Arts Journalism Grant 2025

About

The SAF Arts Journalism Grant seeks to provide support worth ₹1 lakh to an early- or mid-career journalist/reporter in an effort to develop a body of reportage around creative communities/ practices in the subcontinent. Situated as we are within an ecosystem that is more saturated with initiatives for critical and curatorial writing, this Grant hopes to address a seeming lacuna in opportunities for accessible arts journalism, to drive greater interest and public stakeholdership in the arts. The awardee will be chosen from a pool of candidates nominated by the Jury. The essays will be published online, with the hope to eventually publish them as a collated printed anthology after the first few editions are complete.

DURATION

9 months

INTAKE

1 participant

Jury

Shukla Sawant

Shukla Sawant is a visual artist and Professor of Visual Studies, School of Arts and Aesthetics, Jawaharlal Nehru University, New Delhi.
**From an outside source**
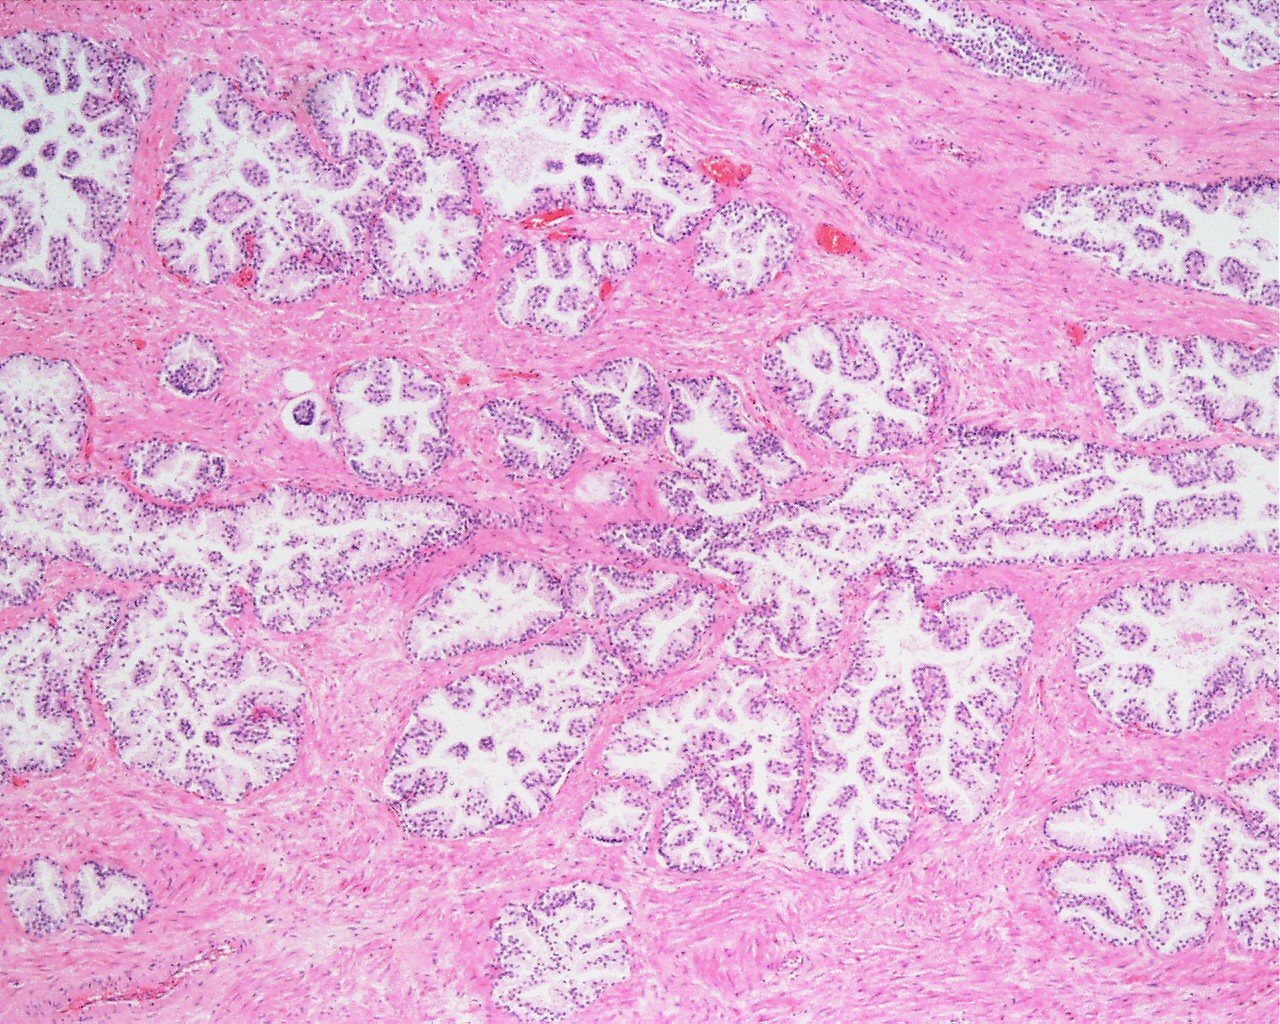 File:Prostate histology 04.jpg - Embryology
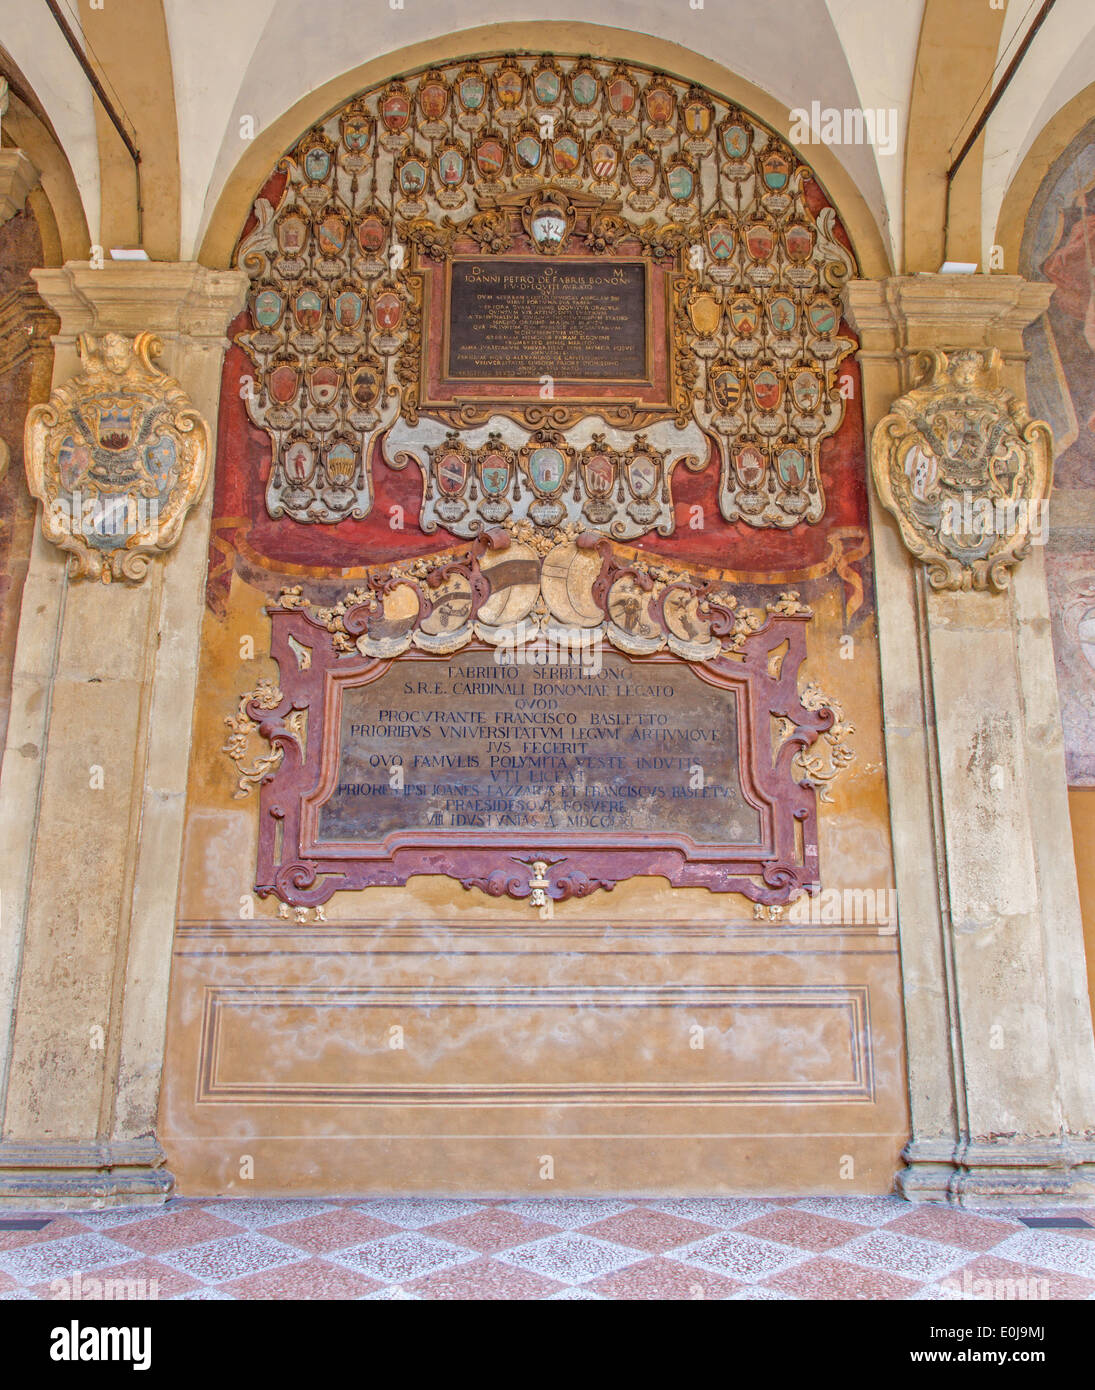 BOLOGNA, Italien - 15. März 2014: Fresken und Epitaphien aus externen Atrium des Archiginnasio Stockfoto

She works with photography, installation, and printmaking. Her research interests include modern and contemporary Art , art in colonial India and historiography. She has been a Commonwealth Scholar at the University of London and studied at the Ecole Des Beaux Arts Paris. She is currently part of the research and editorial team of Primary Documents South Asia, for MOMA, New York.

Sharmila Vaidyanathan
Sharmila Vaidyanathan

Sharmila Vaidyanathan is a freelance writer based in Bangalore, India. She explores food, agriculture and environmental conservation through her work, which has appeared in Nature inFocus, Mongabay India, Scroll, Goya, Whetstone South Asia and Hakai Magazine among others. She is also a member of the Oxford Climate Journalism Network and a recipient of the Earth Journalism Network’s Biodiversity Grant and the Rukhmabai Fellowship. She presented a paper on the culinary and cultural implications of asafoetida at the 2020 Oxford Symposium on Food & Cookery, later published in the proceedings.

Arpita Das
Arpita Das

Arpita Das is Founder-Publisher of the award-winning independent publishing house, Yoda Press. She is also Associate Professor of Practice, Writing, at Ashoka University and Editor, South Asia series at Melbourne University Publishing. She writes a regular column for the New York-based periodical, Publishing Perspectives.

Snigdha Poonam

Snigdha Poonam is the author of Dreamers: How Young Indians Are Changing The World. It won 2018’s Crossword Award for nonfiction in India and was longlisted in 2019 for the PEN America Literary Awards. For fifteen years now, her stories about a rapidly modernising India have highlighted critical shifts in the country’s politics, culture, and society. She divides her time between India and the United Kingdom.